J. de W.: Sim. Se a União Europeia continuar a exigir a criação de certos mecanismos, é possível que a Suíça decida renunciar a concluir certos acordos, preferindo se privar do acesso ao mercado para preservar sua soberania ou suas especificidades. Isso já ocorreu no passado. Existem realidades políticas que cada um teve levar em conta. A “via bilateral” também tem seus limites.

Tanguy Verhoosel, Bruxelles, swissinfo.ch
adaptação: Claudinê Gonçalves

Direito. Especialista em direito europeu e do setor financeiro. Advogado de formação ele dirigiu, de 1997 a 2003, a Divisão de Assuntos Econômicos e Financeiros do Ministério das Relações Exteriores.

Praça financeira. Nesse contexto, tratou de todas as questões internacionais relativas à praça financeira helvética.

Missão. Jacques de Watteville é desde dezembro de 2007 chefe da Missão (embaixada) da Suíça na União Europeia.

Fase difícil. Sua nomeação a esse cargo ocorreu no momento em que as relações entre a Suíça e a UE estão numa fase difícil, em meio à polêmica acerca da política fiscal estadual das empresas e de um endurecimento da UE com a Suíça não foi por acaso. Era preciso nessa função um diplomata especialista de dossiês “quentes”.

Privilégios.
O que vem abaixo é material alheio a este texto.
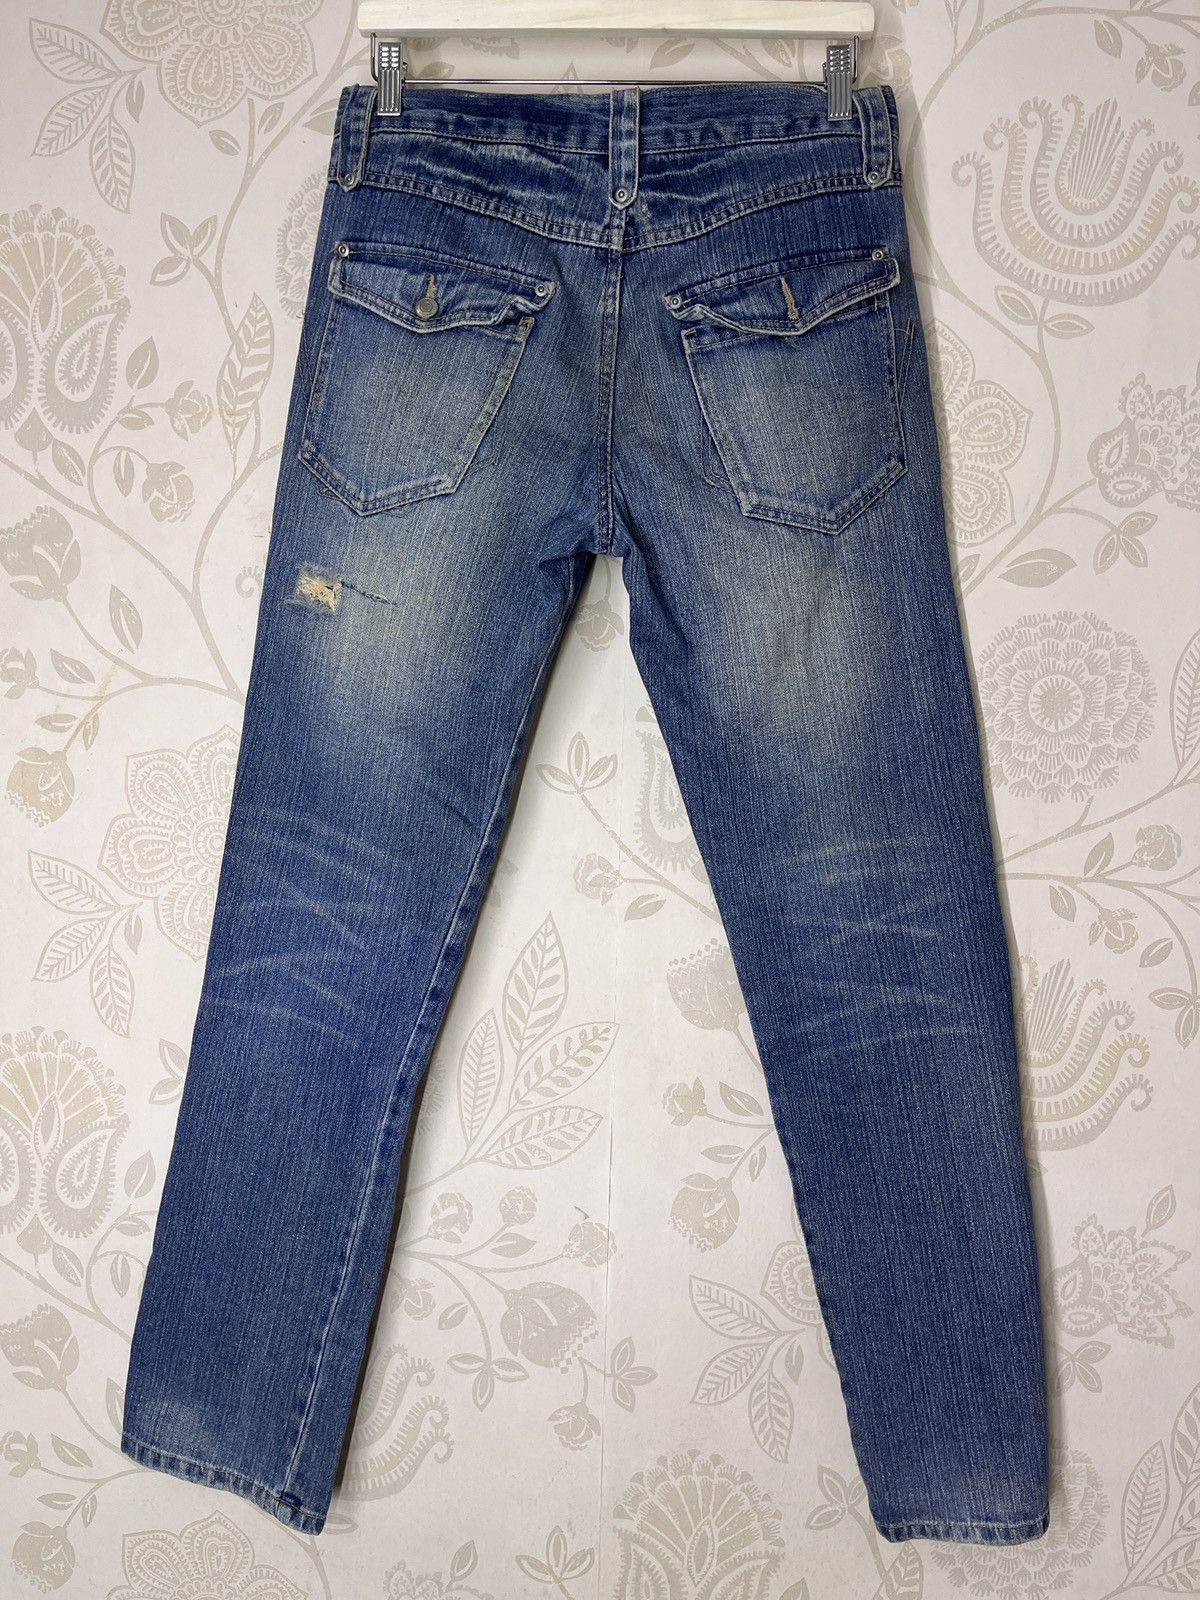 Ripped Three Stones Throw Denim Jeans Avant Garde Pockets - 2

O conflito entre Berna e Bruxelas gira em torno do regime fiscal de alguns cantões suíços. A UE denuncia os privilégios cedidos por eles.

Desleal. A UE julga desleal o e contrário ao Acordo de Livre Comércio de 1972 os acordos de fiscalidade para sociedades estrangeiras em Zug, Schwyz e Obwald, entre outros.

Posição suíça. Berna considera que os procedimentos de taxação das empresas de administração, de sociedades mistas e holdings não estão incluídos no Acordo de livre-comércio de 1972. Esse acordo abrange unicamente o comércio de certos bens (produtos agrícolas transformados e industriais).

OCDE. Por sua vez, a Organização de Cooperação e Desenvolvimento Econômico (OCDE), não critica os regimes fiscais dos estados suíços.